Despite learning in school about the electoral college vote, most Americans are still uncertain about what it is and how it relates to the popular vote. Nowadays, however, intuitively the overwhelming majority does believe that the person who wins the most votes from voters should win the election and that no person’s vote should count more than another’s. Thus, Americans were perplexed in the 2000 and 2016 elections why this didn’t happen, but most passively accept the system as it is.

In the wake of the 2016 election, the American media has open distain for the “usual” proposals to eliminate the electoral college—perhaps because the U.S. Constitution is so hard to amend.

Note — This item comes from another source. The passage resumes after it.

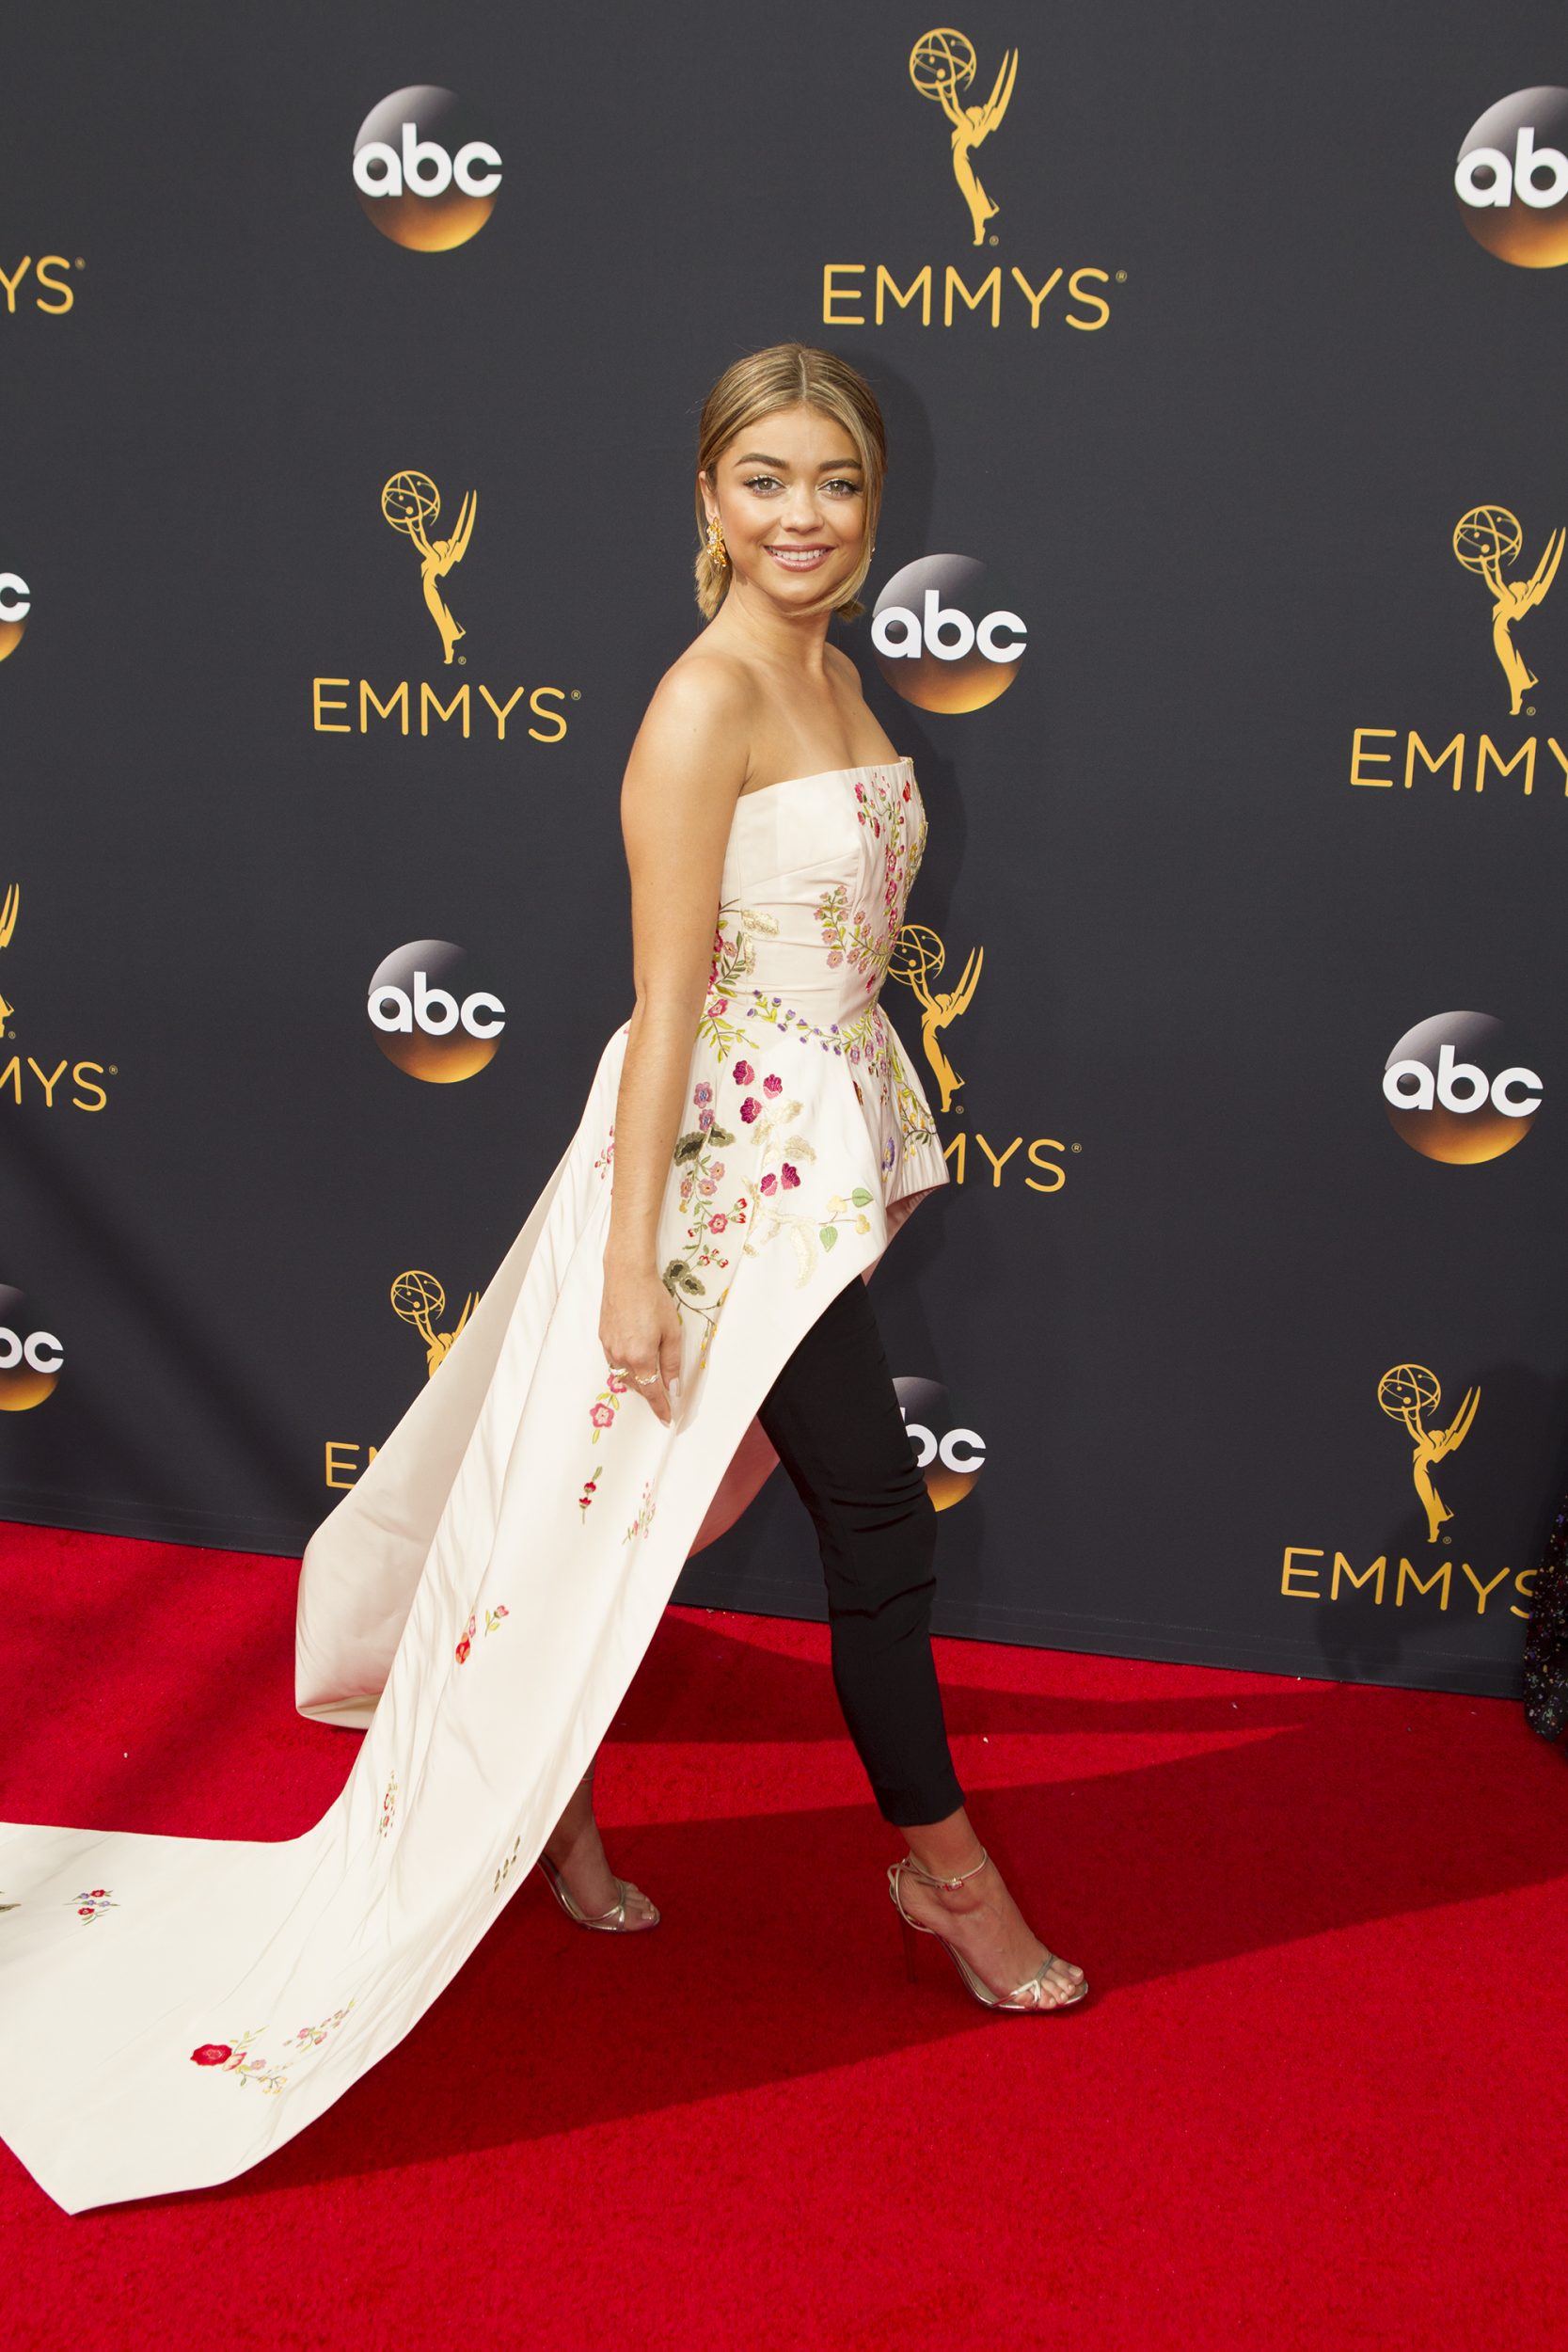 THE 68TH EMMY(r) AWARDS - “The 68th Emmy Awards” broadcasts live from The Microsoft Theater in Los Angeles, Sunday, September 18 (7:00-11:00 p.m. EDT/4:00-8:00 p.m. PDT), on ABC and is hosted by Jimmy Kimmel. (ABC/Rick Rowell) SARAH HYLAND

Yet because America is so evenly divided politically now, such majority electoral college/majority popular vote splits are likely to occur more frequently; we have already had two in this young century, equaling the total for the entire 19th century (we had none in the 20th century).

The problem is that in 1787, when the U.S. Constitution’s framers created the document, they had a low opinion of popular democracy, fearing that it would become impassioned “mob rule.” To guard against this threat, they allowed the public some participation in the new system but felt that the country was too vast, and communication and transportation means too slow and unreliable, for the people to be sufficiently informed to elect a president for the entire country. They thus created an electoral college of “experts” who would elect the president instead of the people.

In fact, so the states would have a role in the election of the nation’s president, the framers allowed them to choose the electors in any manner that they desired. Originally, in most cases, the “experts” in the state legislatures picked the “experts” in the electoral college. Each state got to choose a number of electors equal to the number of its delegation to the U.S. House of Representatives (based on a state’s population relative to other states) plus two (the number of senators from each state). Since the framers did not foresee the creation of political parties that could mobilize voters nationally, they believed that regional candidates would not be able to get a majority in the electoral college—thus requiring yet another group of “experts” in the U.S. House of Representatives to choose the president. They believed that this latter method would be the most typical way of choosing the chief executive, but it happened that way only two times at the beginning of the nation’s history.

By the mid-1800s, the people began demanding more voice in their government, turning the connotation of “democracy” from bad to good. Transportation and communication also began to get better, thus increasing the chances that a candidate could get a majority nationally in the popular vote or electoral college. More and more states began allowing voters to directly elect the electors from x or y political party, which is really what the voters, unbeknownst to them, are doing today when they step into the voting booth today. State legislatures bowed out of the selection process for electors.

Proponents of retaining the electoral college talk about preserving the republic (representative government) enshrined in the Constitution, as opposed to popular democracy, or giving the states a role in the presidential election. Yet the 18th century electoral college concept no longer works as the framers had envisioned it—as a back-up for the House of Representatives electing the president, with electors chosen by state legislatures—and now merely distorts the national popular vote. Forty-eight out of the fifty states plus the District of Columbia allow the winner of the popular vote in their jurisdiction to take all the state’s electoral votes. Also, smaller, rural states are excessively represented in the electoral college at the expense of more populous states with big urban areas. For example, much like the electoral college expanded the political power of smaller rural slave states before the Civil War, in the 2016 election, each voter in Wyoming (the least populous state) had more than double the voting power in the electoral college as a voter in California (the most populous state). This violates the principle of “one person, one vote.”

Proponents of retaining the electoral college want the states to have a role in the presidential election, but nowadays states—instead of letting their “experts” pick the president— automatically take their popular vote and feed it through the distorting electoral college filter, which merely perverts the national popular vote.

Even Republicans, who won the election fair and square under the current system but nevertheless benefited from such distortions in this election cycle, had appropriately trashed the electoral college in prior times. In 2012, President-elect Donald Trump had said that the “phoney [sic] electoral college” was “a disaster for a democracy.” Former House Speaker Newt Gingrich and Ben Carson, both Trump supporters, have also questioned the need for an electoral college.

Because tricks like getting the most populous states to assign all of their electoral votes to the winner of the national popular vote are politically fragile, even before President-elect Trump starts in on his policy agenda, he should propose a constitutional amendment that eliminates the electoral college and chooses the president based on the national popular vote. Because he and his party benefited from the existing system in 2016, such a long-overdue proposal would likely make a powerful impact.